The progressives have not proposed a way to implement a quick smooth transition to the creation of a health care system with a single or dominant public insurance firm.
Economic and Fiscal Sustainability:
The creation of a public health insurance plan, fully or mostly funded by taxpayers, would exacerbate an already volatile fiscal process. All of the parameters of the new federal health plan, -- premiums, out-of-pocket cost sharing, medical necessity decisions, procedures for adjudicating claims – could be revisited every annual budget discussion and considered every time there was debate on a government closure or the debt limit.
Most recently, the Trump Administration dismantled many of the reforms impacting state exchange health insurance markets and Medicaid implemented during the Biden Administration. Go here.
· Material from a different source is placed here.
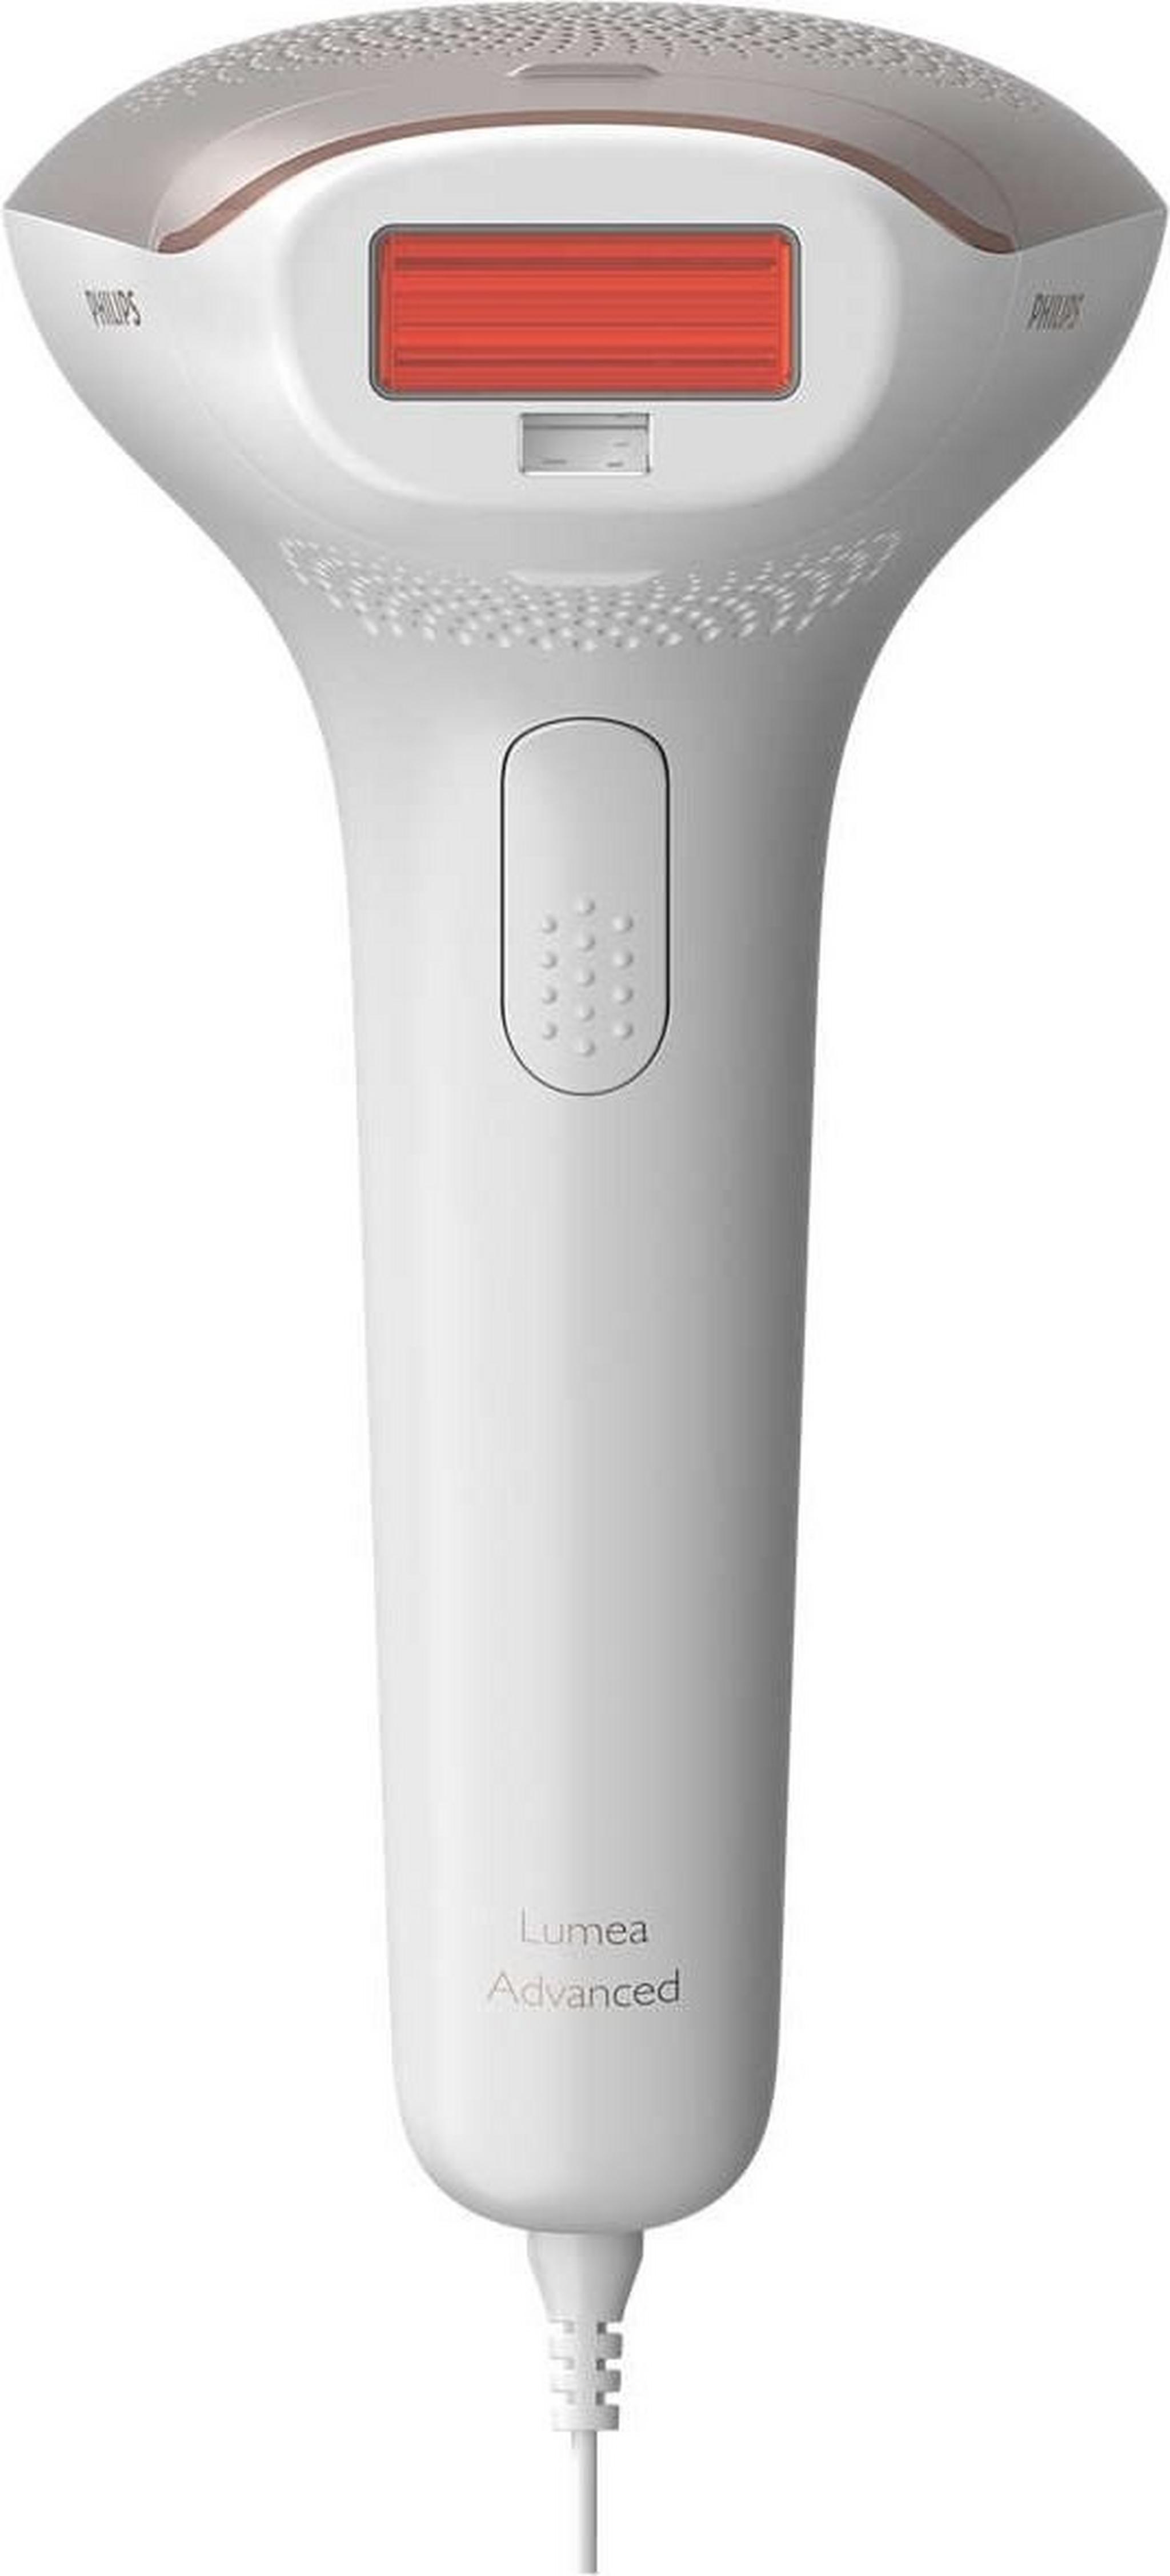 Philips Lumea Series 7000 Hair-Free Smooth Skin with Satin Compact Pen Trimmer, Corded, 3 Attachement, BRI923/60 - White

The creation of a single or dominant health insurance payer could result in Congress changing health care benefits and outcomes for every household in the nation during every budget debate.
The placement of all health parameters impacting health insurance coverage under the control of Congress and the President would exacerbate future fiscal disputes.
Reproductive Rights:
Progressive health care proposals raise a sensitive question about insurance funding for abortions and reproductive services. The proposed legislation includes wording that would repeal the Hyde Amendment and the prohibition against federal funding for abortion.
Note, however, the Hyde amendment still exists. No congress has been able to repeal it. The recent tax bill included a provision that eliminated Medicaid funding for abortion. The votes for guaranteeing insurance funds for abortion don’t exist in Congress and even if it was enacted as written in the proposed legislation any future Congress could eliminate this right. Progressive efforts to provide insurance funds for abortion under a public health insurance plan would put all insurance funds for abortion at risk when Congress shifted right.
Conclusions
Despite these limitations and impediments, the progressive wing of the Democratic party remains committed to Medicare for All. The Medicare-for-all bill sponsored by Senator Bernie Sanders, Pramila Jayapal and Debbie Dingell was reintroduced in the Senate on April, 29 2025.
This approach would result in some people becoming worse off.
The approach is disruptive to the economy during a transition and the fiscal process over the long term.
It serves more to inspire and motivate the progressive wing of the Democratic party and is not a serious attempt to improve health insurance outcomes and health care in the United States.